The T.35 filter was the standard small filter of the Italian army during the Second World War.

The Dirzepo, Pir. 35, P.C. 35 and R.S. 37 filters were a variant of this filter, identical in every aspect with the exception of colour and markings.

Overview Edit

The T.35 filter was a brown-painted metal box containing a layer of particulate filtering material made of resin-impregnated wool and viscose rayon at the bottom and a layer of activated charcoal, pumice and other blocking substances at the top (note: it's been confirmed that no asbestos is present in the filter[1]). Before being opened, the bottom intake is covered by a small sheet of waxed canvas and the top is closed using a 40 mm lid, with all of this bound with a string closed using a small lead seal. After the filter has been opened for the first time, it could be closed again using the 40mm lid and a small rubber seal attached through a string to the filter.

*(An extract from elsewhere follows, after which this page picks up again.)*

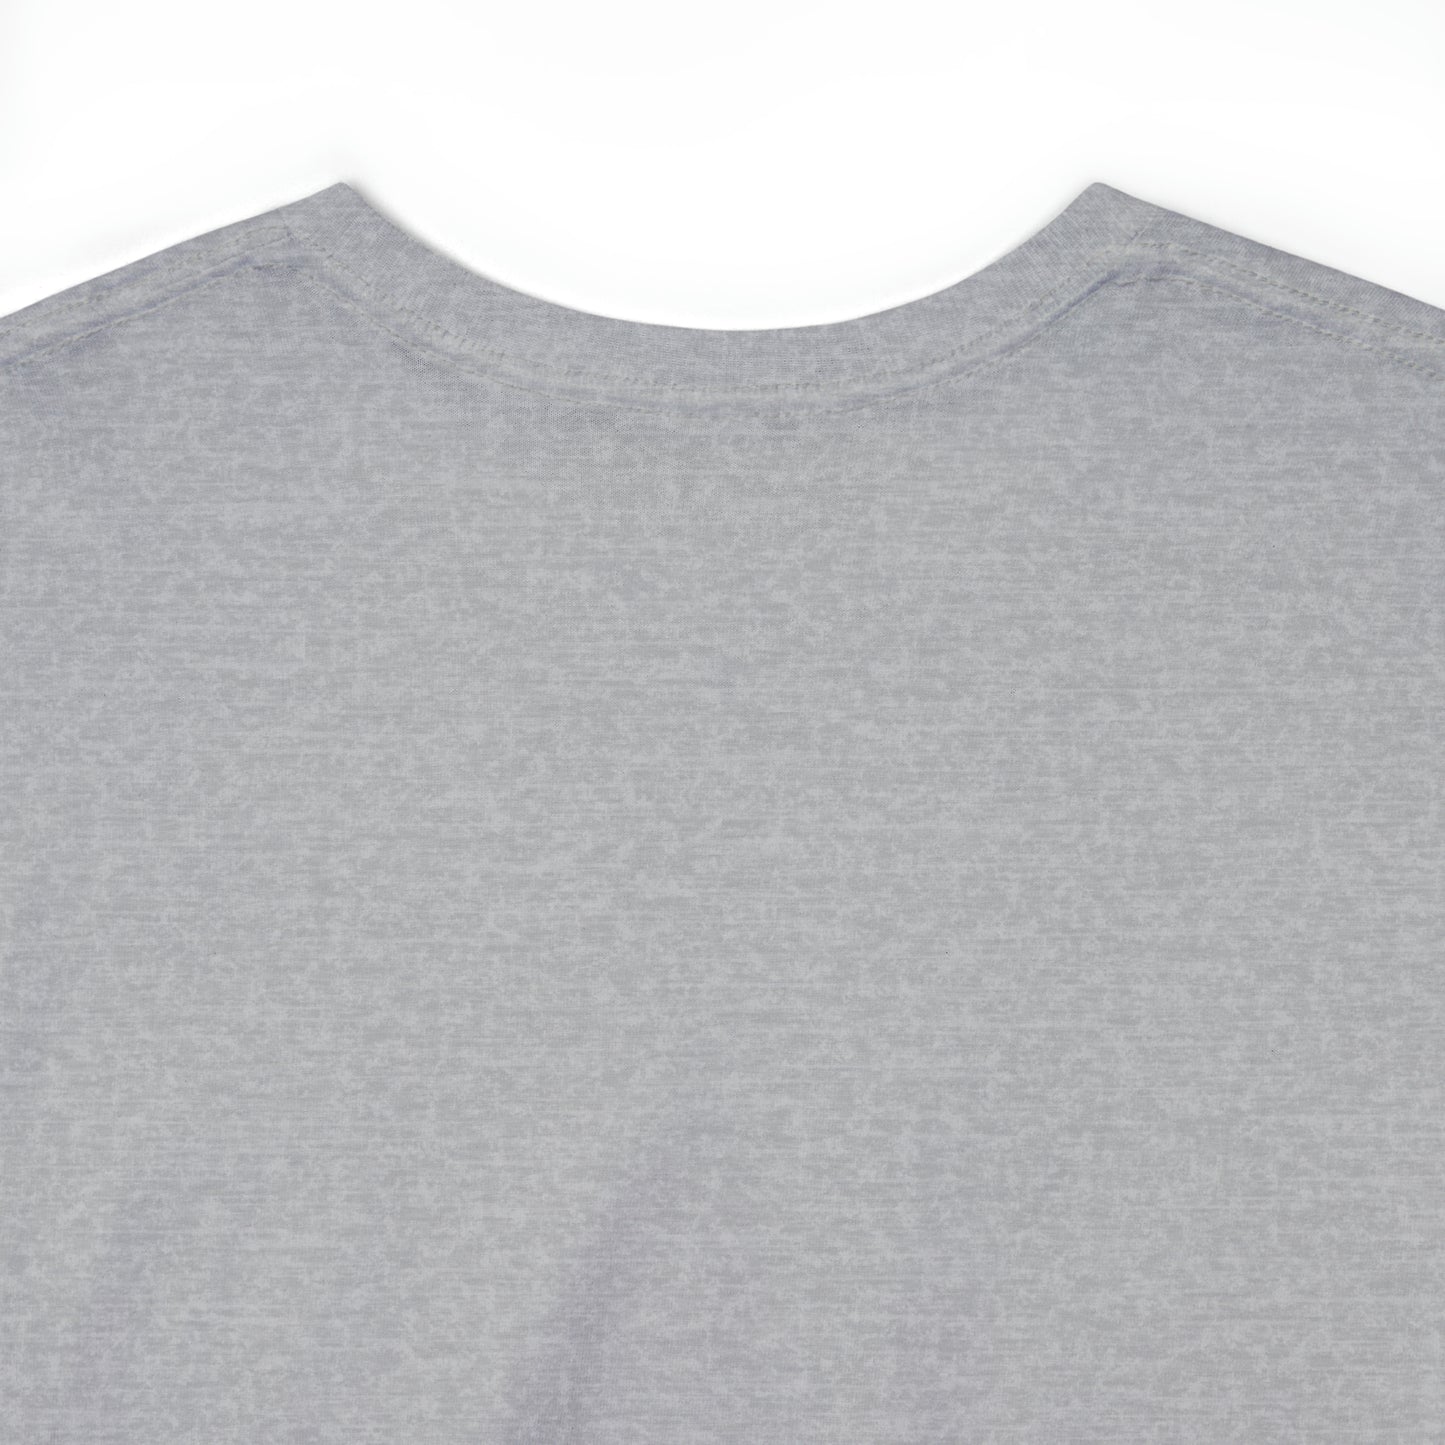 'Liminal Echoes' Cotton Tee

The height and weight of the filter vary with the date of production and manufacturer. The production ceased in 1943.

Markings Edit

The T.35 filter has three main markings:

  1. The two symbols on the top near the filter thread are the manufacturer's logos.
  2. The inscription on the side is the name of the filter. Note that the font changes between some companies.
  3. The inscription at the bottom is the date of production.

Spanish recovery Edit

After the end of the Spanish Civil War, the government set out to gather all of the various gas equipment issued by both sides, in an effort to re-issue said equipment in a standardized way. The filters that were found had a label added around them that said: "Filtro procedente de recuperación" (recovery filter), and under that the number of the factory (for example: "Fábrica n.3").


T.35 kits made specifically for the UNPA (Unione Nazionale Protezione Antiaerea, national union for air-raids defence) used a specially marked T.35 filter. The filters made by Pirelli for this purpose were coloured orange, while I.A.C. ones were the usual brown and had "U.N.P.A." marked on the side.